+++ Study material

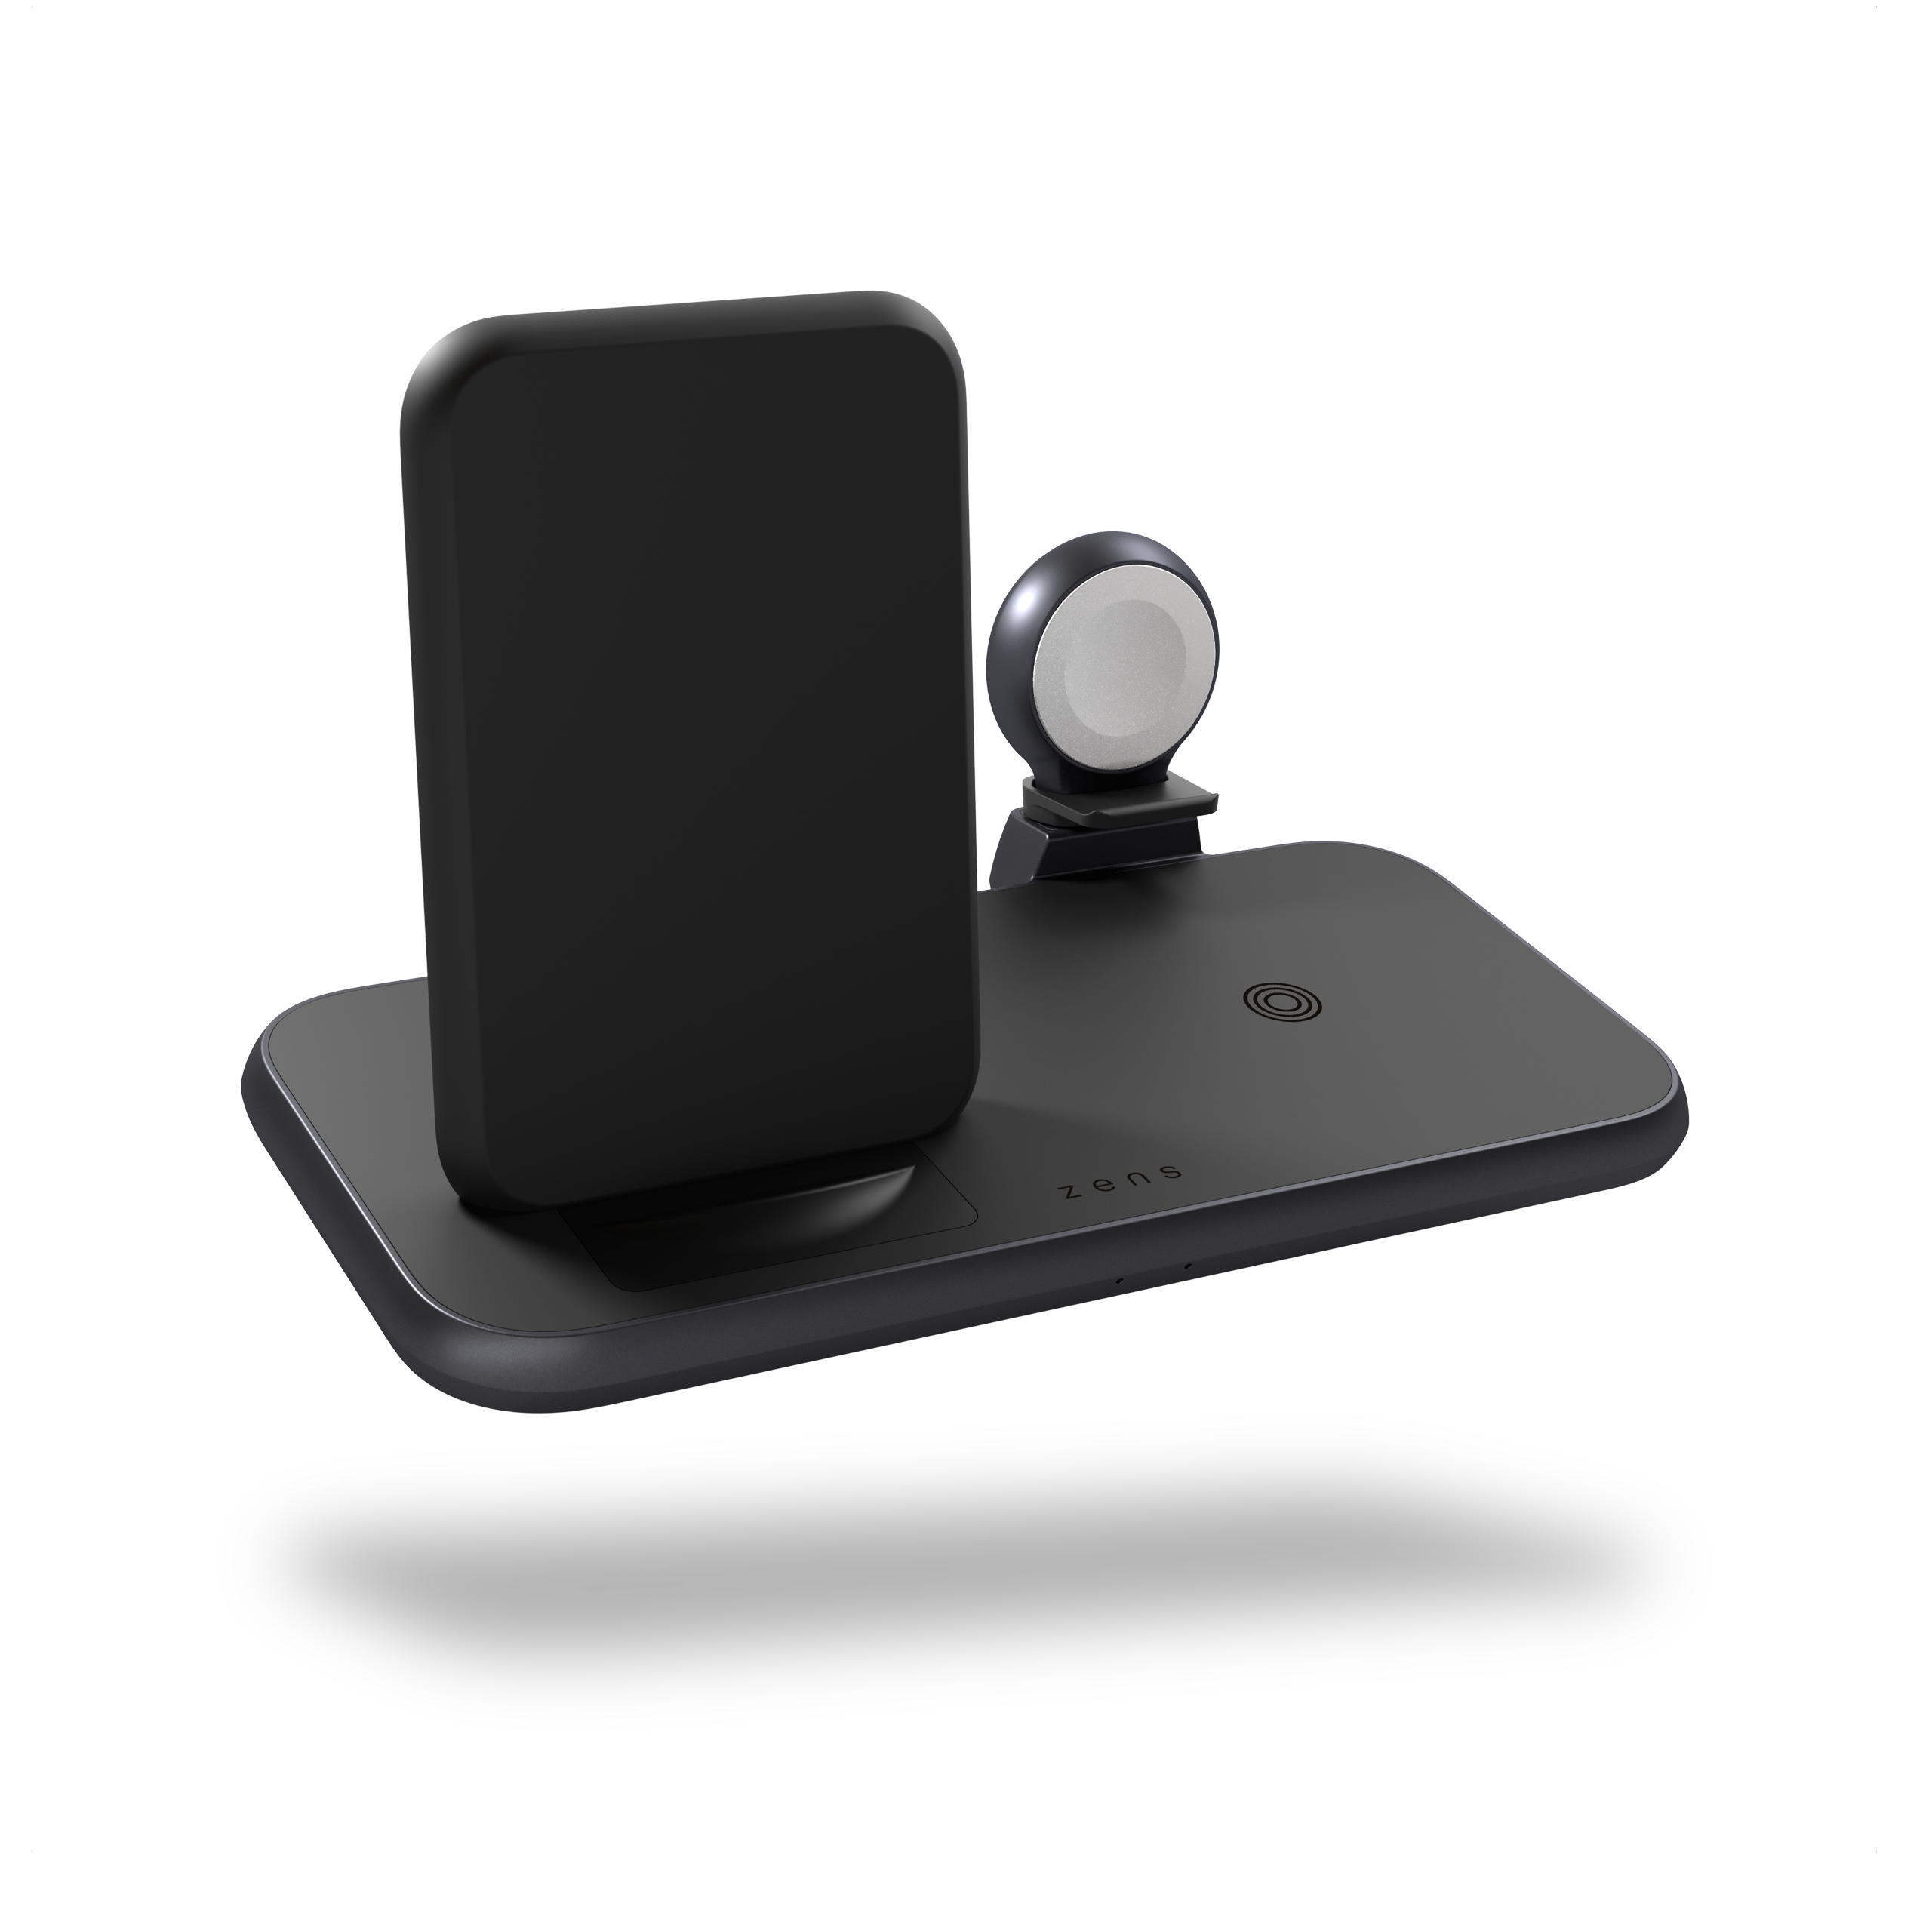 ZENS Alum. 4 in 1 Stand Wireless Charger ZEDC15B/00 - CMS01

++++++
+++ Study material

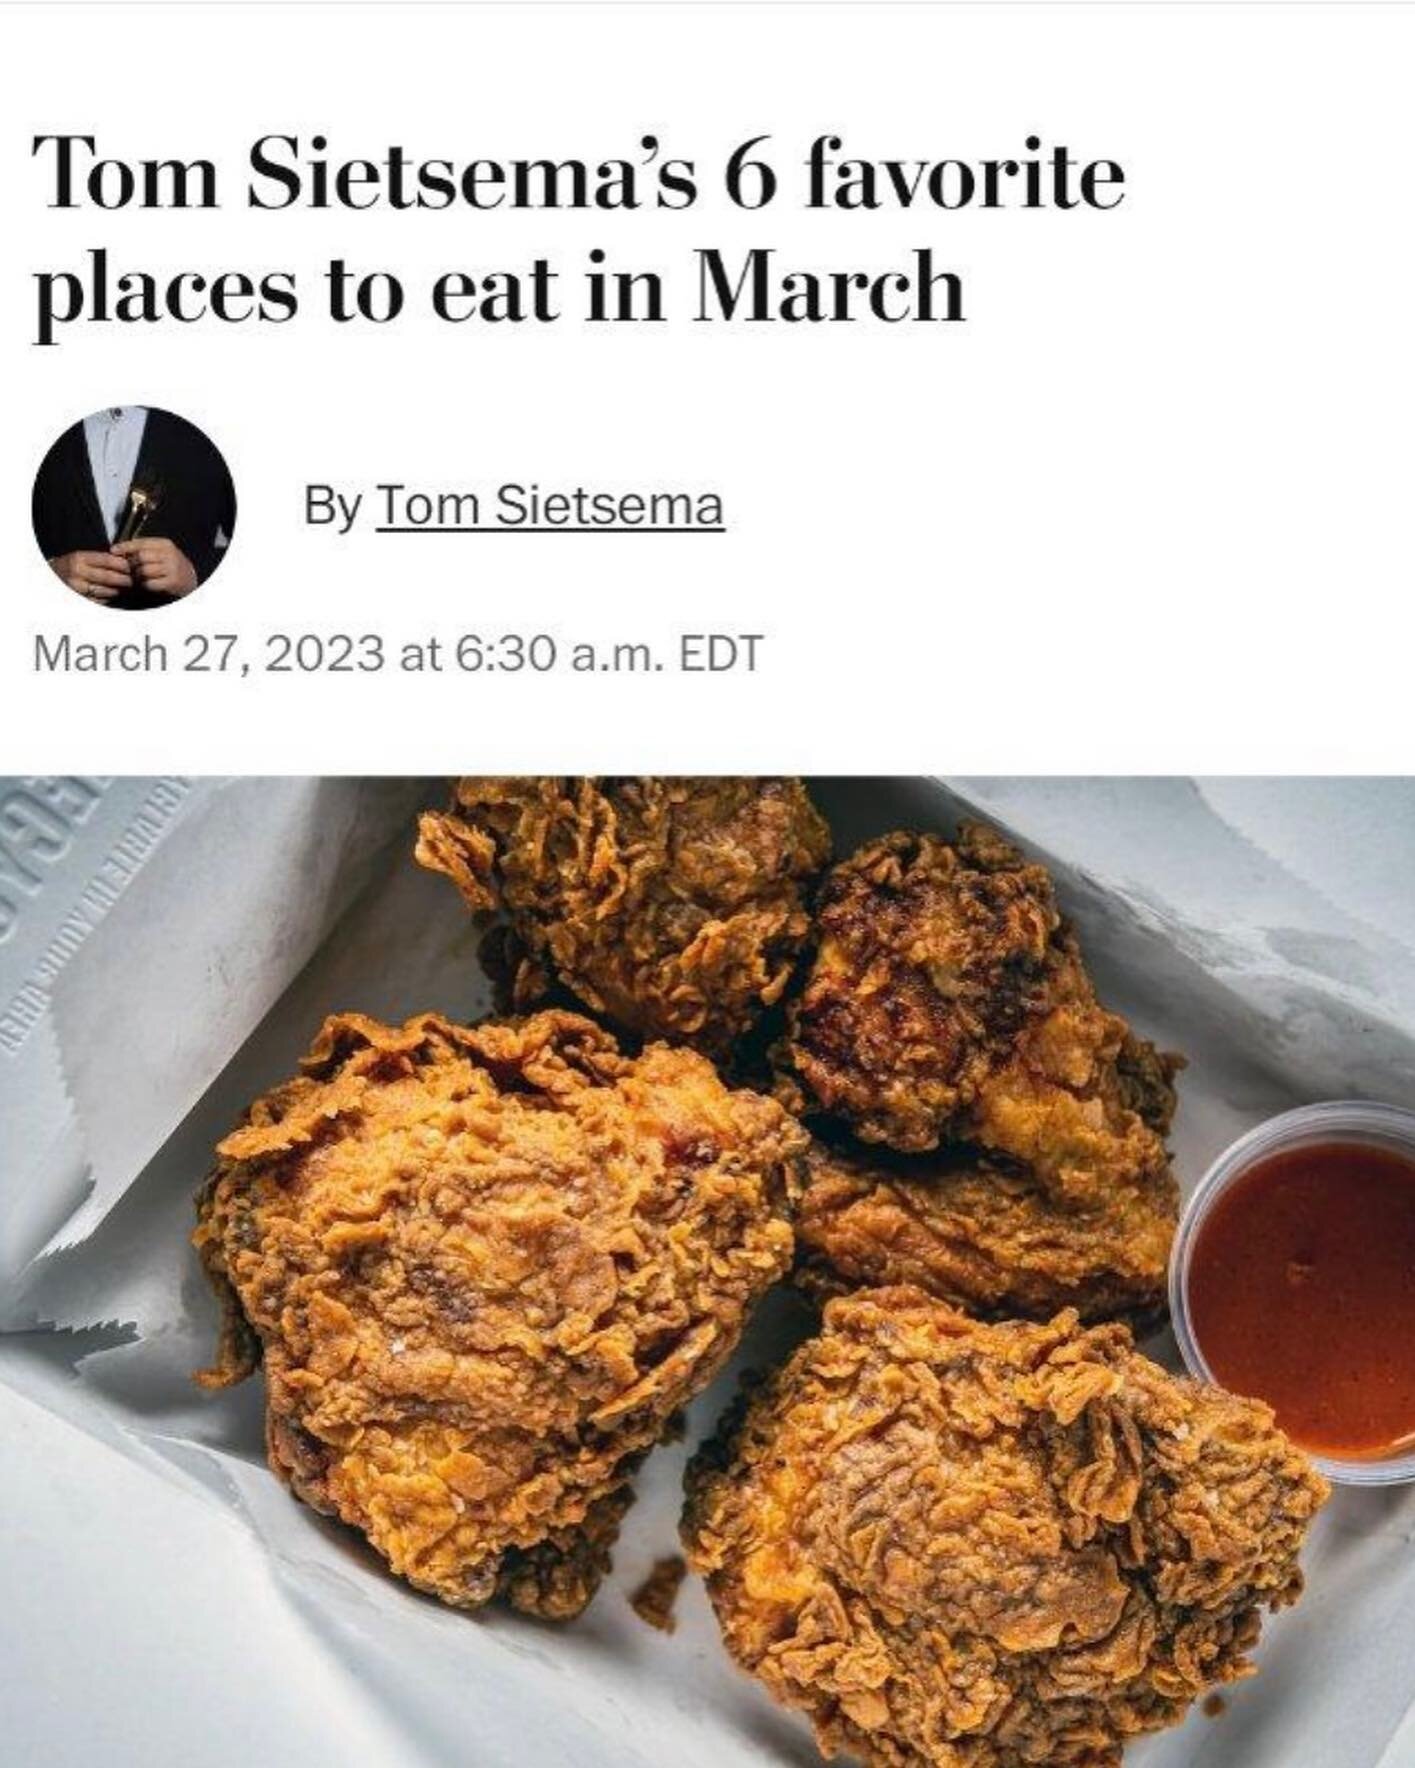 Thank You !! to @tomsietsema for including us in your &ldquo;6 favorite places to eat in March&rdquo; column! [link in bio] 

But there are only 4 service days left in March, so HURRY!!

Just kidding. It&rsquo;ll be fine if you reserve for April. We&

++++++

Transcribe, word for word, the lines of the listing above from the one that contains "Thank You !!" through the one that contains "Just kidding. It&rsquo;ll", keeping both ends and dropping the pictures.

▶ **Finished task**:
 Thank You !! to @tomsietsema for including us in your &ldquo;6 favorite places to eat in March&rdquo; column! [link in bio] 

But there are only 4 service days left in March, so HURRY!!

Just kidding. It&rsquo;ll be fine if you reserve for April. We&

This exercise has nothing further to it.